(Circulation. 1999;100:2153.)
© 1999 American Heart Association, Inc.
Clinical Investigation and Reports |
From the Departments of Cardiac Surgery, Medical University of Lübeck, Lübeck, Germany (R.G.L., C.S., H.-H.S.), and the National Heart and Lung Institute at the Imperial College of Science, Technology, and Medicine, London, UK (M.H.Y.).
Correspondence to Prof H.H. Sievers, Klinik für Herzchirurgie, Medizinische Universität zu Lübeck, Ratzeburger Allee 160, D-23538 Lübeck, Germany. E-mail herzchir{at}medinf.mu-luebeck.de
BackgroundThe surgical approach to aortic root aneurysm and/or dissection remains controversial. The use of valve-sparing operations, which are thought to have many advantages, is increasing. We hypothesized that the particular technique and type of surgery could influence valve motion characteristics and function. Therefore, we studied the instantaneous opening and closing characteristics of the aortic valve after the main 2 types of valve-sparing surgery.

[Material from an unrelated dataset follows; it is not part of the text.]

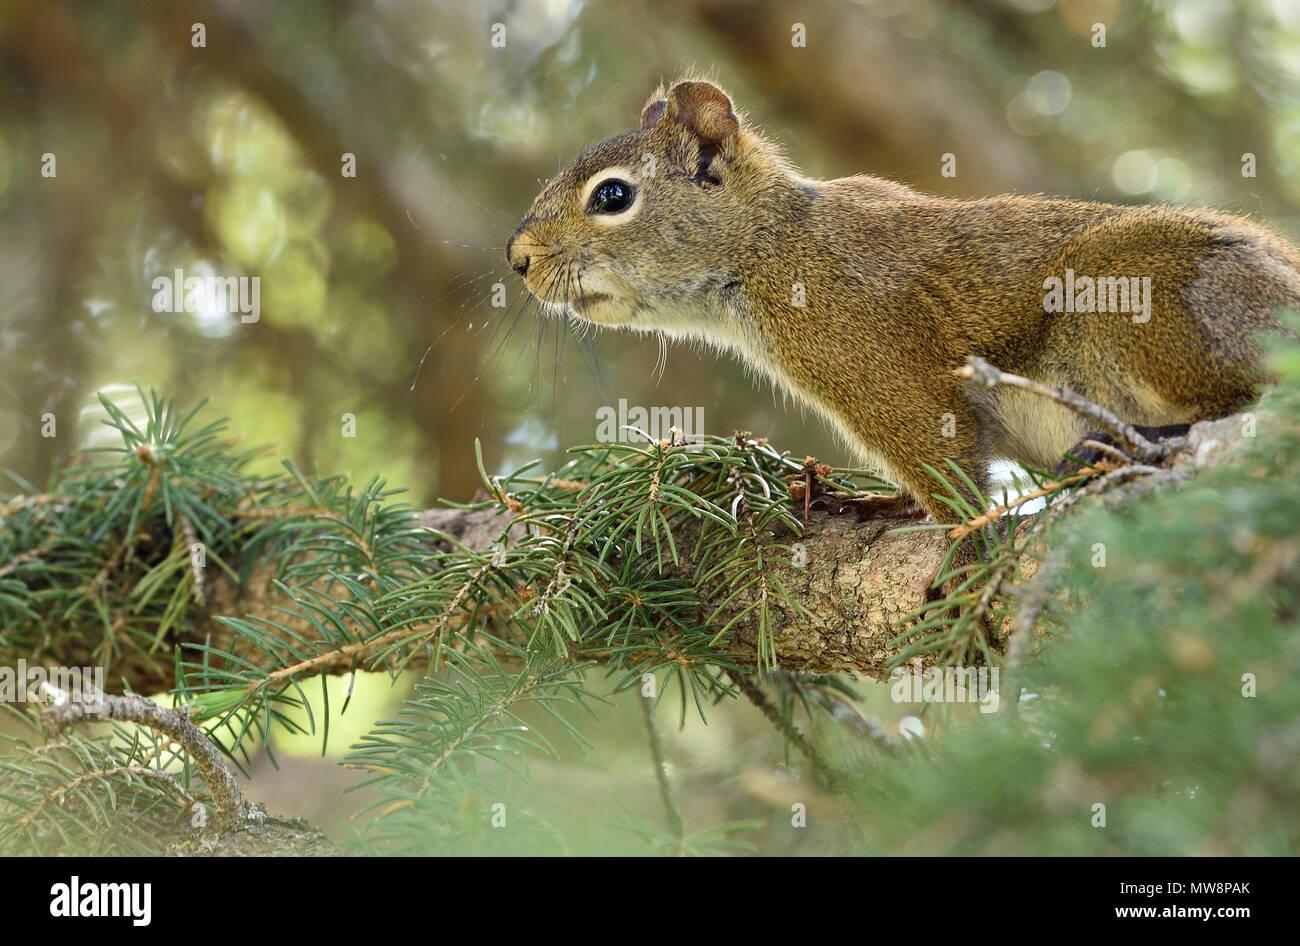 Un côté horizontal voir l'image d'un écureuil rouge sur une branche d'arbre Photo Stock

Methods and ResultsIn 20 patients (10 with tube replacement of the aortic root, group A; and 10 with separate replacement of the sinuses of Valsalva, group B) and 10 controls (group C), transthoracic and transesophageal studies on aortic valve dynamics were performed. Three distinct phases of aortic valve motion were identified. They were as follows: (1) a rapid opening, with a velocity of 20.9±4.2 cm/s in group C, 27.1±10.9 cm/s in group B (P=NS), and 58.3±18.4 cm/s in group A (group A versus group C, P<0.001; group A versus group B, P=0.001); (2) a slow systolic closure, with 12.5±6.6% and 10.8±2.2% of maximal opening in groups C and B, respectively (P=NS), and 3.8±1.6% in group A (group A versus group C, P=0.001; group A versus group B, P<0.001); and (3) a rapid closing movement, with a velocity of 26.3±5.6 cm/s in group C, 32.4±11.4 cm/s in group B (P=NS), and 21.8±3.5 cm/s in group A (group A versus group C, P=NS; group A versus group B, P=0.008). The pressure strain of the elastic modulus was different in groups C and B only at the commissures (682±145 g/cm2 versus 1896±726 g/cm2, respectively; P<0.001). At all root levels, the distensibility was reduced in group A (P<0.001). Systolic contact of aortic cusps and wall occurred only in group A.
ConclusionsNear-normal opening and closing characteristics can be achieved by a technique that preserves the shape and independent mobility of the sinuses of Valsalva.